The cathode electrode CE may be disposed in a same layer as the (1-1)-th to (1-3)-th upper connection electrodes UCE1a, UCE1b, and UCE1c, and the (2-1)-th to (2-3)-th upper connection electrodes UCE2a, UCE2b, and UCE2c. For example, the cathode electrode CE may be formed through a same formation process as the (1-1)-th to (1-3)-th upper connection electrodes UCE1a, UCE1b, and UCE1c, and the (2-1)-th to (2-3)-th upper connection electrodes UCE2a, UCE2b, and UCE2c. The cathode electrode CE may be disposed on the (2-1)-th to (2-3)-th lower connection electrodes LCE2a, LCE2b, and LCE2c to face the (2-1)-th to (2-3)-th lower connection electrodes LCE2a, LCE2b, and LCE2c.

The (3-1)-th sub light emitting element SLD3a may be connected between the cathode electrode CE and the (2-1)-th lower connection electrode LCE2a. According to embodiments, in case that (3-1)-th sub light emitting elements SLD3a are provided, the (3-1)-th sub light emitting elements SLD3a may be connected to each other in parallel between the (2-1)-th lower connection electrode LCE2a and the cathode electrode CE.

The (3-2)-th sub light emitting element SLD3b may be connected between the cathode electrode CE and the (2-2)-th lower connection electrode LCE2b. According to embodiments, in case that (3-2)-th sub light emitting elements SLD3b are provided, the (3-2)-th sub light emitting elements SLD3b may be connected to each other in parallel between the (2-2)-th lower connection electrode LCE2b and the cathode electrode CE.

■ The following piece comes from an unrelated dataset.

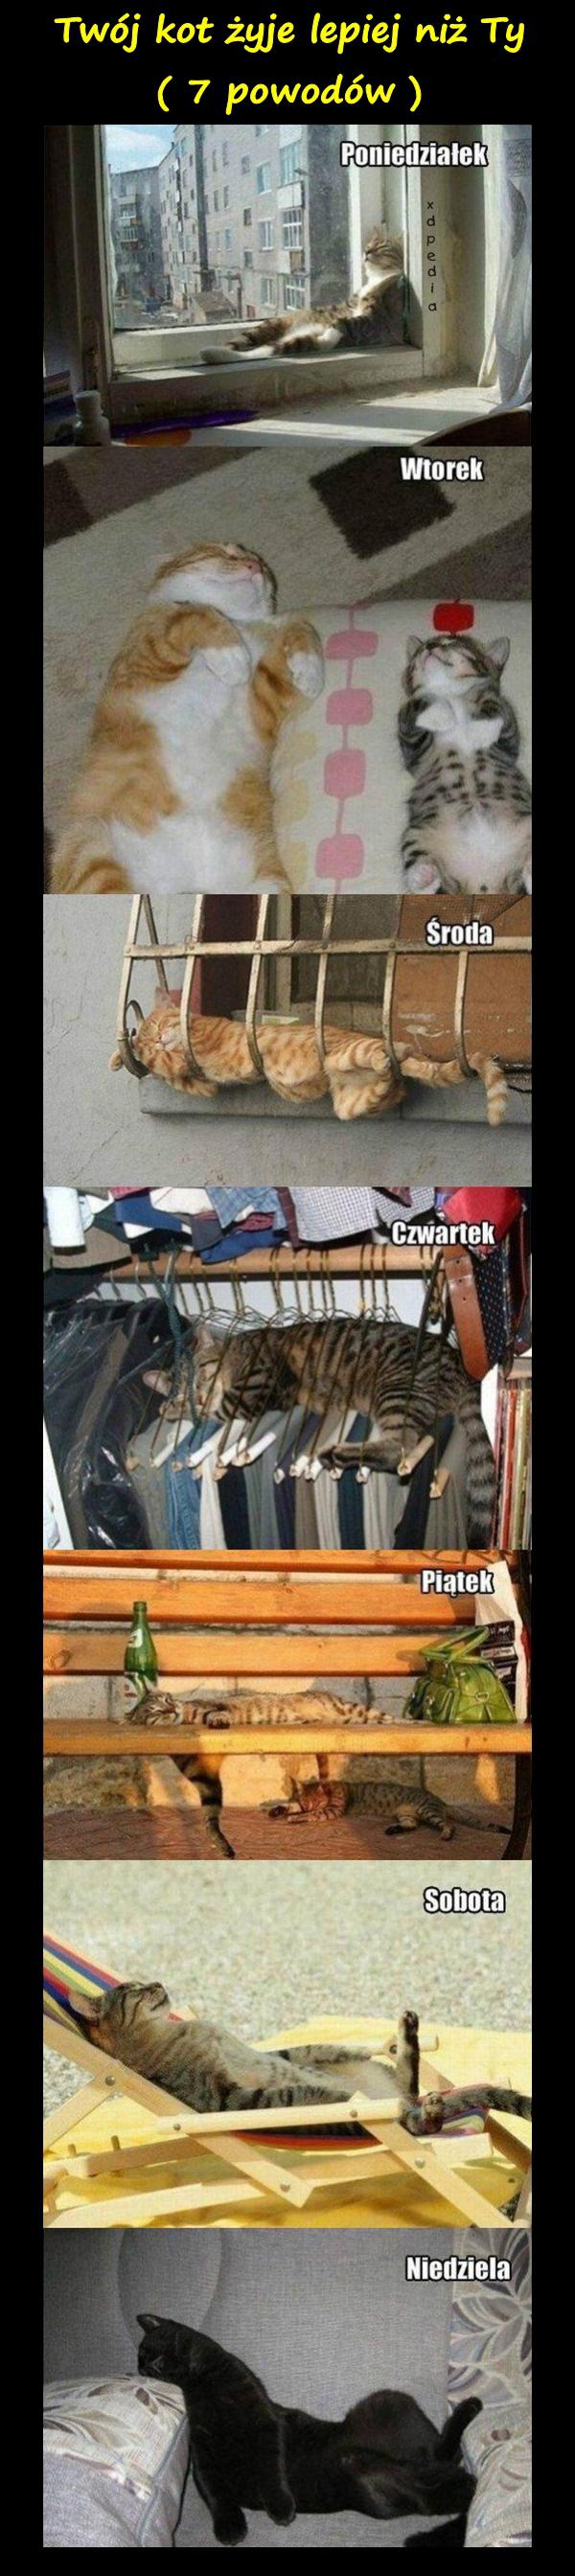 Mem Humor Memy Koty Besty Kotki śmieszne Obrazki Kwejk

The (3-3)-th sub light emitting element SLD3c may be connected between the cathode electrode CE and the (2-3)-th lower connection electrode LCE2c. According to embodiments, in case that (3-3)-th sub light emitting elements SLD3c are provided, the (3-3)-th sub light emitting elements SLD3c may be connected to each other in parallel between the (2-3)-th lower connection electrode LCE2c and the cathode electrode CE.

The (1-1)-th upper connection electrode UCE1a may be electrically connected to the (1-1)-th lower connection electrode LCE1a through a (1-1)-th contact hole CNT1a. In this case, between the first anode electrode AE1 and the (2-1)-th upper connection electrode UCE2a, the (1-1)-th sub light emitting element SLD1a and the (2-1)-th sub light emitting element SLD2a may be connected to each other in series through the (1-1)-th upper connection electrode UCE1a and the (1-1)-th lower connection electrode LCE1a.

The (2-1)-th upper connection electrode UCE2a may be electrically connected to the (2-1)-th lower connection electrode LCE2a through a (2-1)-th contact hole CNT2a. In this case, between the (1-1)-th lower connection electrode LCE1a and the cathode electrode CE, the (2-1)-th sub light emitting element SLD2a and the (3-1)-th sub light emitting element SLD3a may be connected to each other in series through the (2-1)-th upper connection electrode UCE2a and the (2-1)-th lower connection electrode LCE2a.

As described above, the (1-1)-th to (3-1)-th sub light emitting elements SLD1a, SLD2a, and SLD3a may be connected to each other in series between the first anode electrode AE1 and the cathode electrode CE.

The (1-2)-th upper connection electrode UCE1b may be electrically connected to the (1-2)-th lower connection electrode LCE1b through a (1-2)-th contact hole CNT1b. In this case, between the second anode electrode AE2 and the (2-2)-th upper connection electrode UCE2b, the (1-2)-th sub light emitting element SLD1b and the (2-2)-th sub light emitting element SLD2b may be connected to each other in series through the (1-2)-th upper connection electrode UCE1b and the (1-2)-th lower connection electrode LCE1b.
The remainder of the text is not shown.